While most banks have shareholders’ funds in excess of the new minimum capital base, their share premium and share capital significantly fall short of the new minimum definition. The CBN had in March 2024 released its circular on review of minimum capital requirement for commercial, merchant and non-interest banks. The apex bank increased the new minimum capital for commercial banks with international affiliations, otherwise known as mega banks, to N500 billion; commercial banks with national authorisation, N200 billion and commercial banks with regional license, N50 billion. Others included merchant banks, N50 billion; non-interest banks with national license, N20 billion and non-interest banks with regional license will now have N10 billion minimum capital.

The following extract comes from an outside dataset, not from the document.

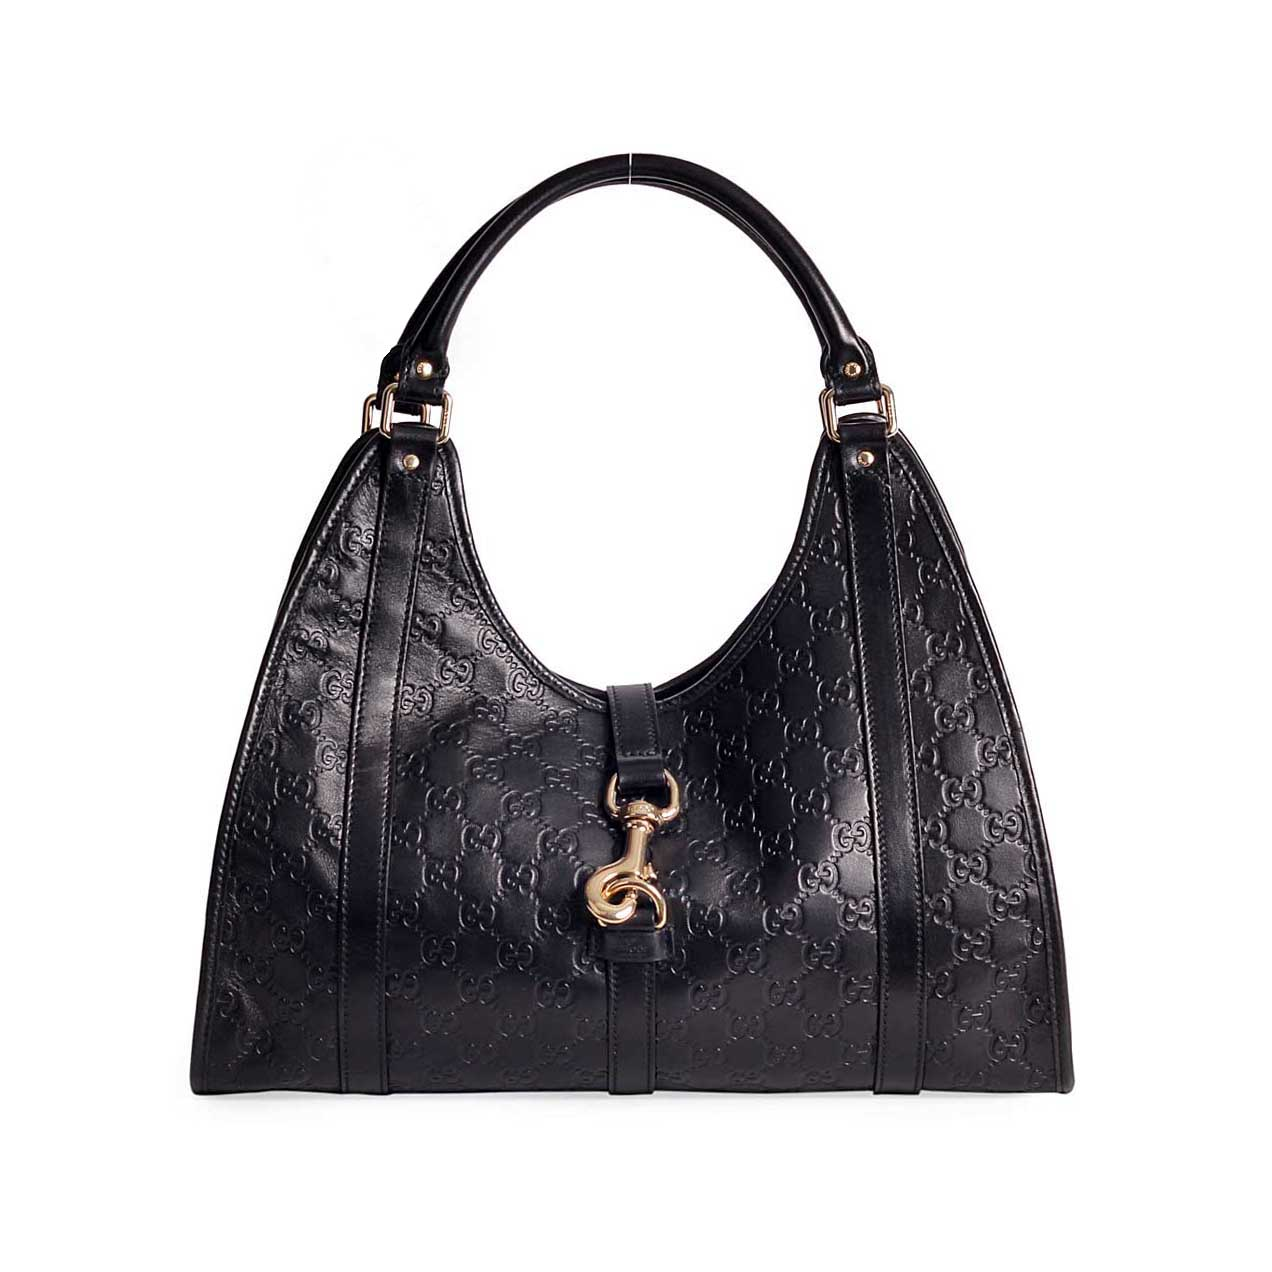 anders neuer Lebensstil gut aussehend GUCCI Guccissima Black Leather Medium Joy Shoulder Bag - NEW

The 24-month timeline for compliance ends on March 31, 2026. Under the guidelines for the recapitalisation exercise, banks are expected to subject their new equity funds to capital verification before the clearance of the allotment proposal and release of the funds to the bank for onwards completion of the offer process and addition of the new capital to its capital base. The CBN is the final signatory in a tripartite capital verification committee that included the Securities and Exchange Commission (SEC) and the Nigeria Deposit Insurance Corporation (NDIC). The committee is saddled with scrutinising new funds being raised by banks under the ongoing banking sector recapitalisation exercise.